You are a helpful assistant that can answer questions     based on the provided documents.


In [140]:
q = "Tell me about Papua New Guinea"
# what does it retrieve (default n of results is 20)
print(query_completer.docstore.retrieve(q))
response = query_completer('Tell me about Papua New Guinea, very brief')

['Languages with statutory recognition in Papua New Guinea are Tok Pisin, English, Hiri Motu, and Papua New Guinean Sign Language', 'The only language with statutory recognition in France is French']
Papua New Guinea recognizes four official languages: Tok Pisin, English, Hiri Motu, and Papua New Guinean Sign Language. The country has a diverse linguistic landscape due to its numerous indigenous languages.

In [141]:
response = query_completer('Tell me about France, very brief')

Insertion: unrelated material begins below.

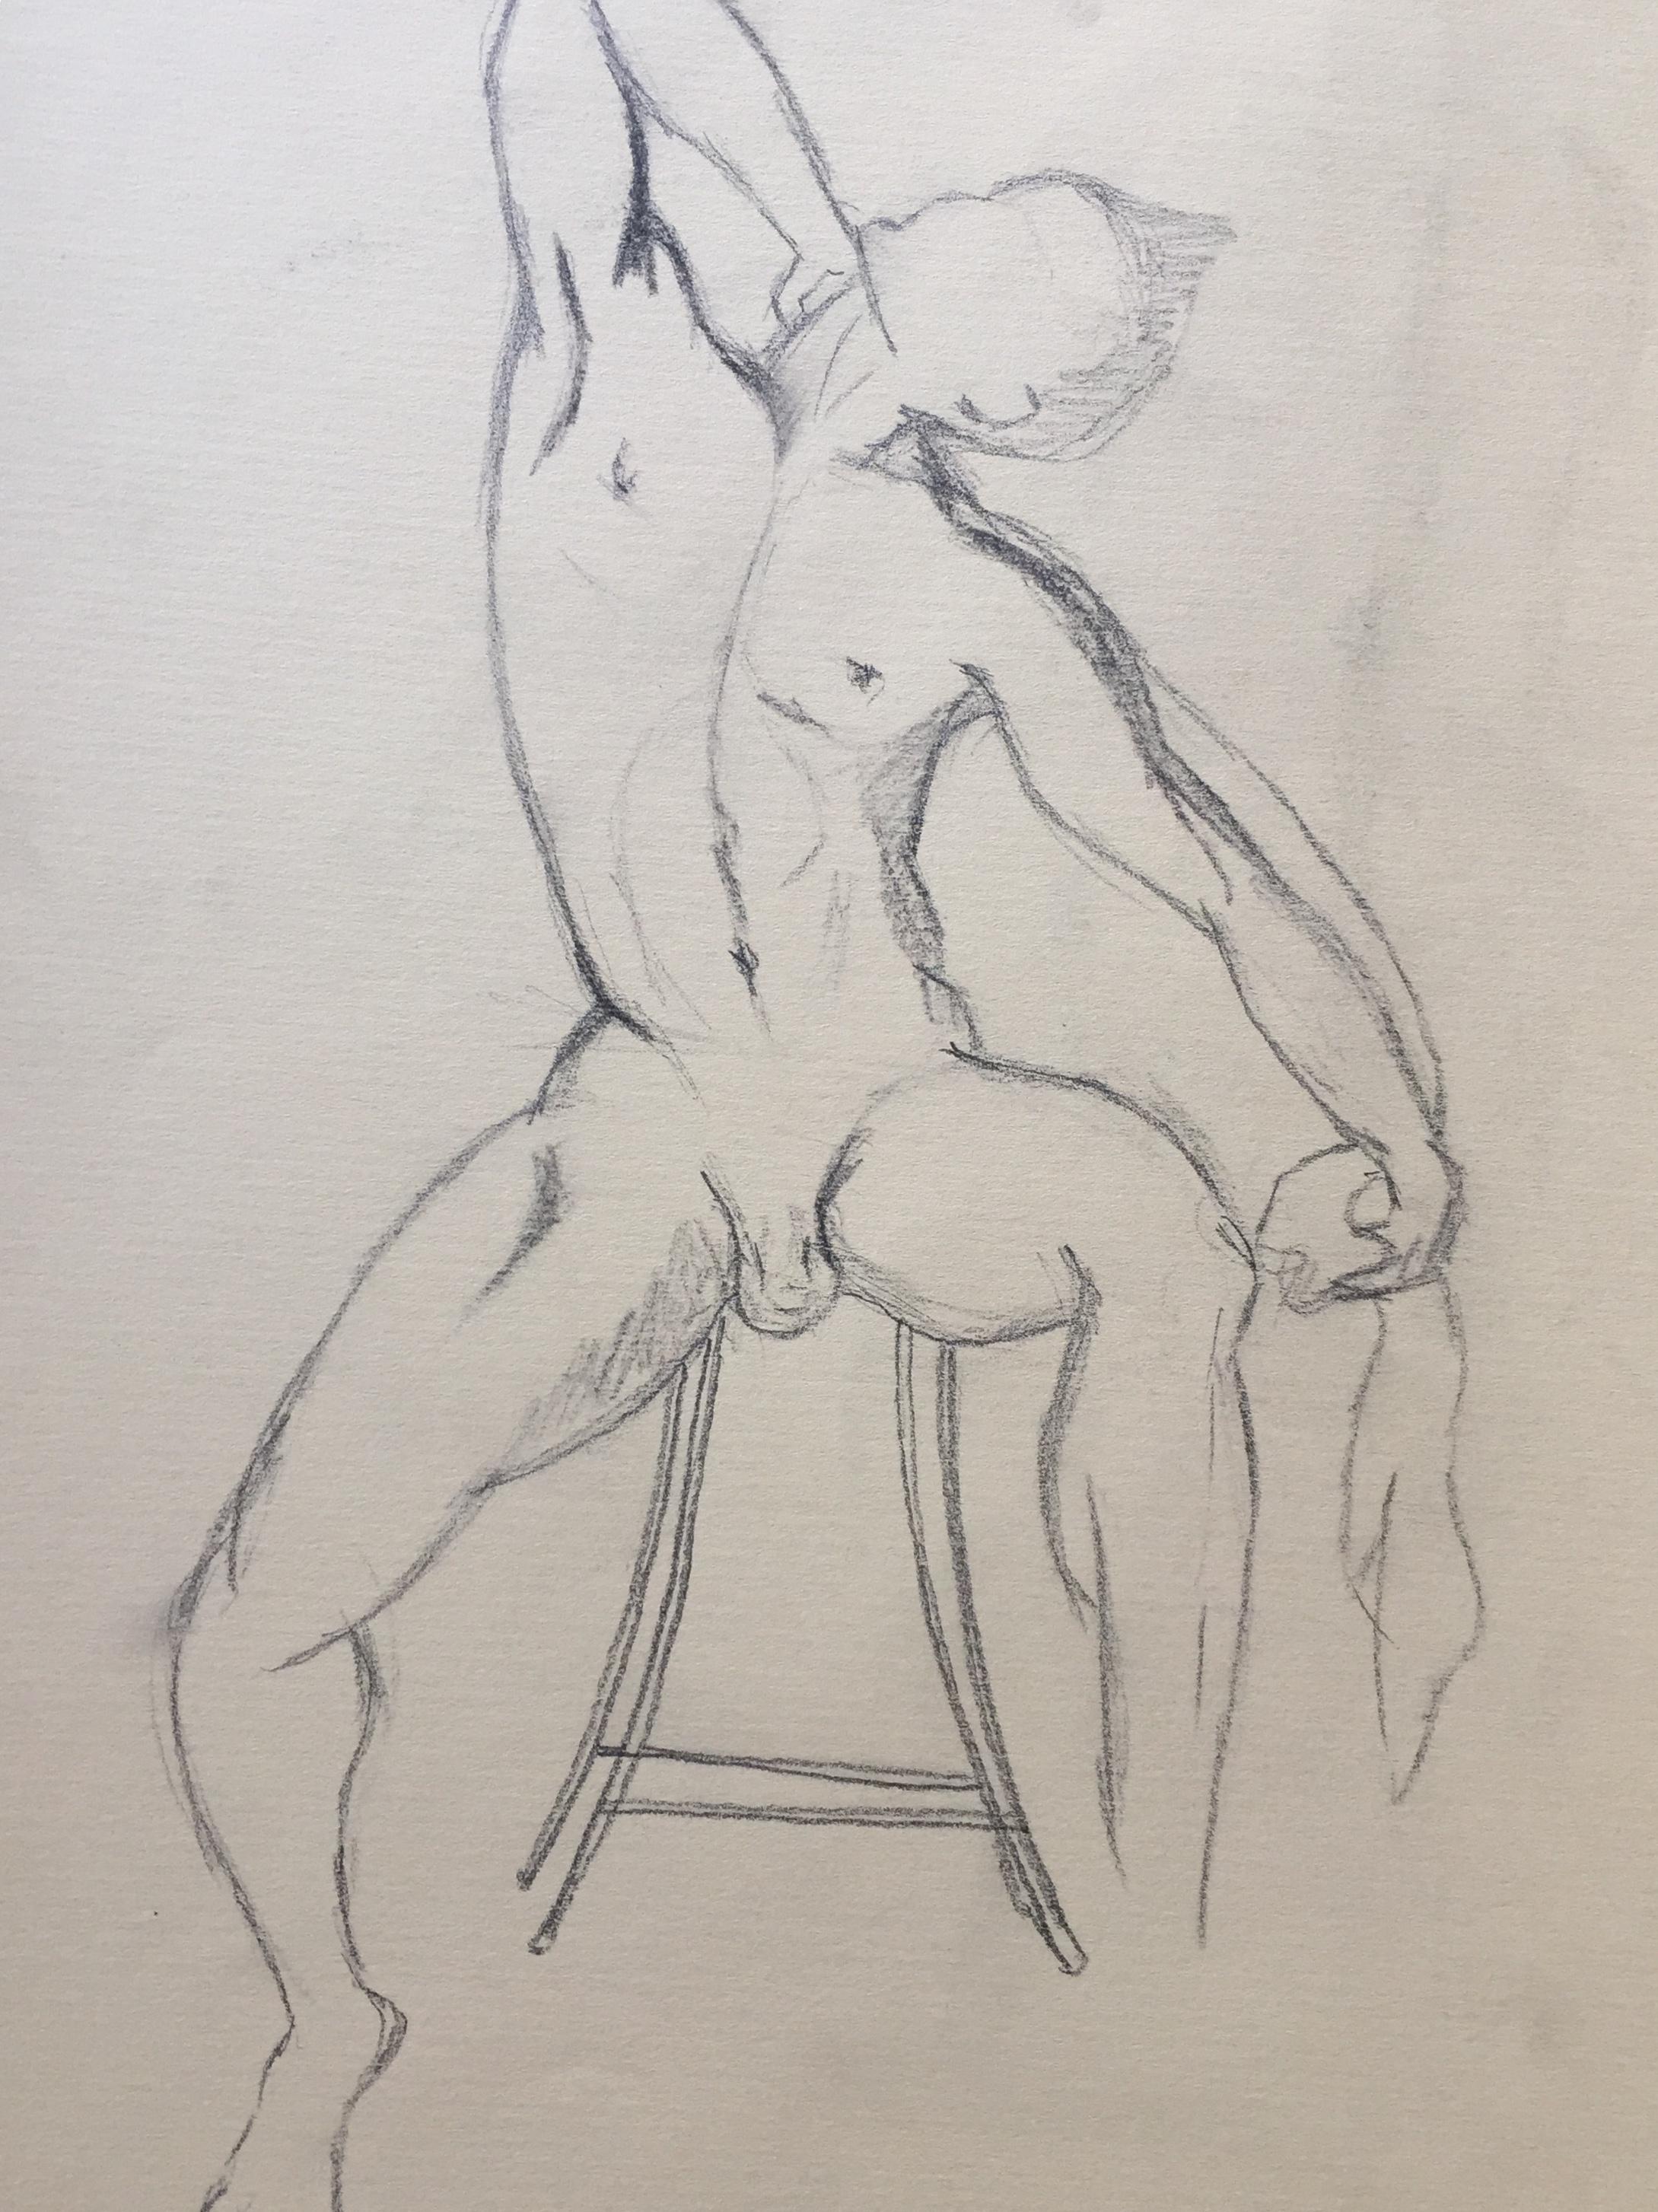 Dessin laocoon et ses fils  cours de dessin
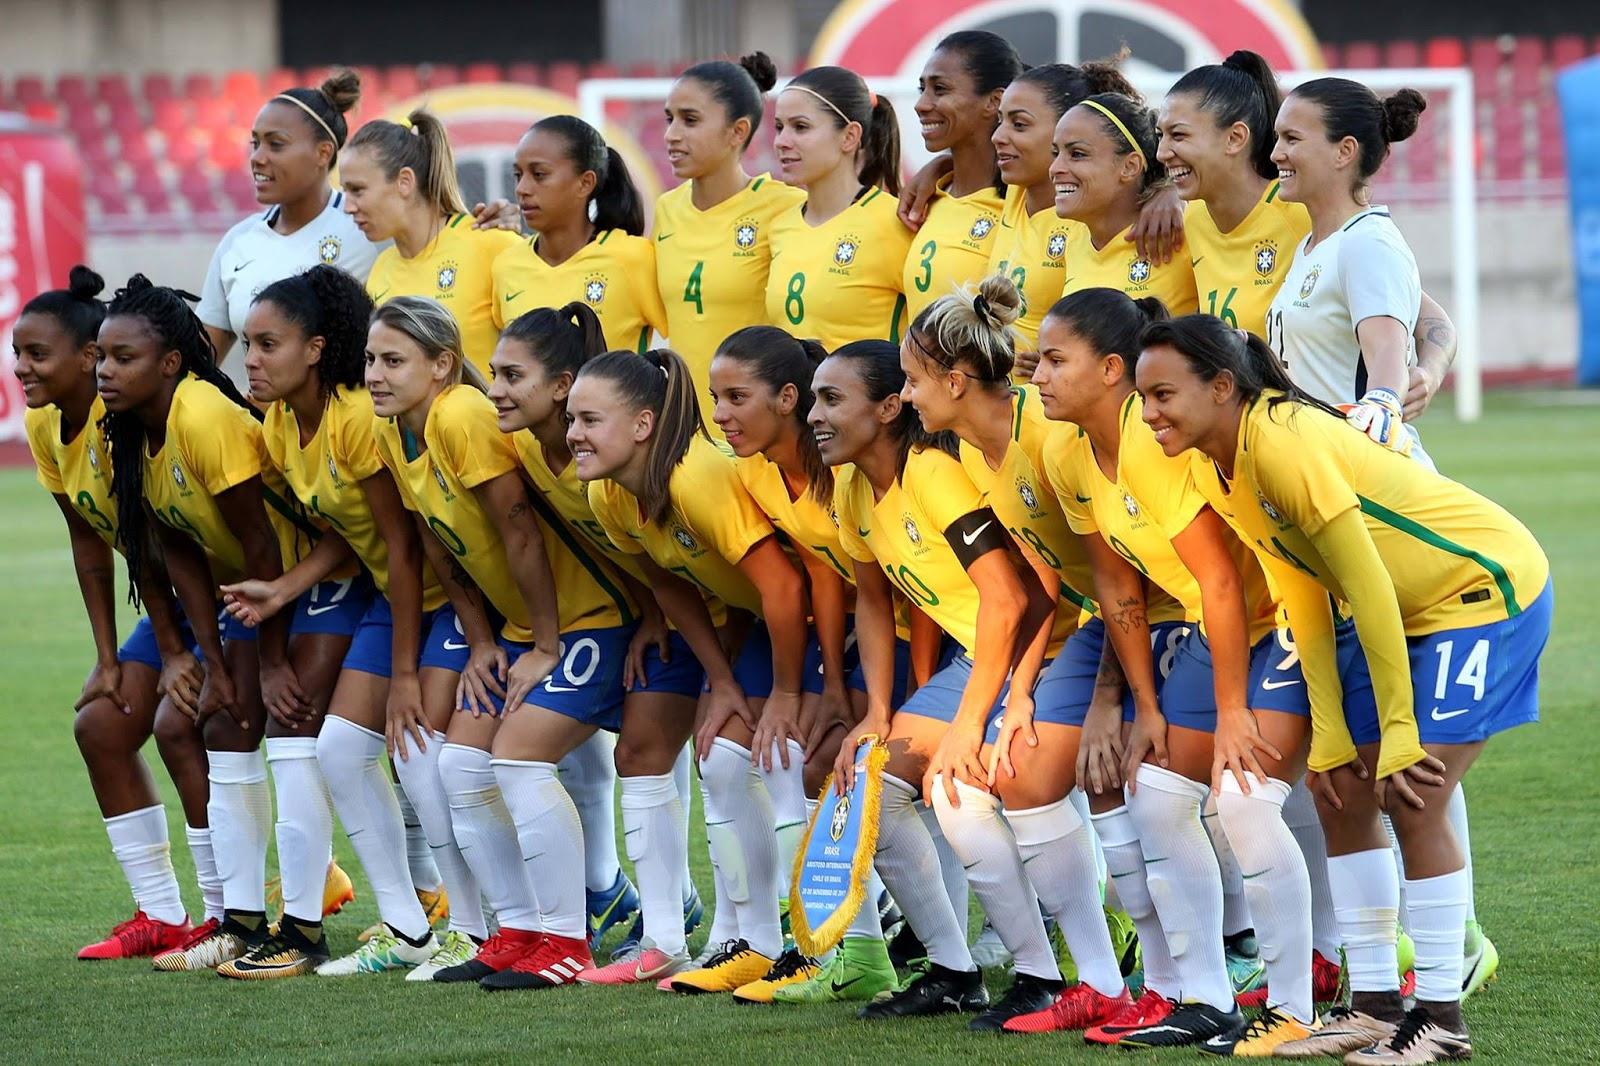 Titulares y suplentes de selección femenina de Brasil ante Chile, amistoso disputado el 28 de noviembre de 2017

France recognizes only one language with statutory recognition: French.

In [142]:
q = 'Tell me about Germany'
query_completer.docstore.retrieve(q, 2)

['The only language with statutory recognition in France is French',
 'Languages with statutory recognition in Papua New Guinea are Tok Pisin, English, Hiri Motu, and Papua New Guinean Sign Language']

In [143]:
response = query_completer('Tell me about Germany, very brief')

Germany's official language is German. There is no mention of statutory recognition for other languages in the provided documents.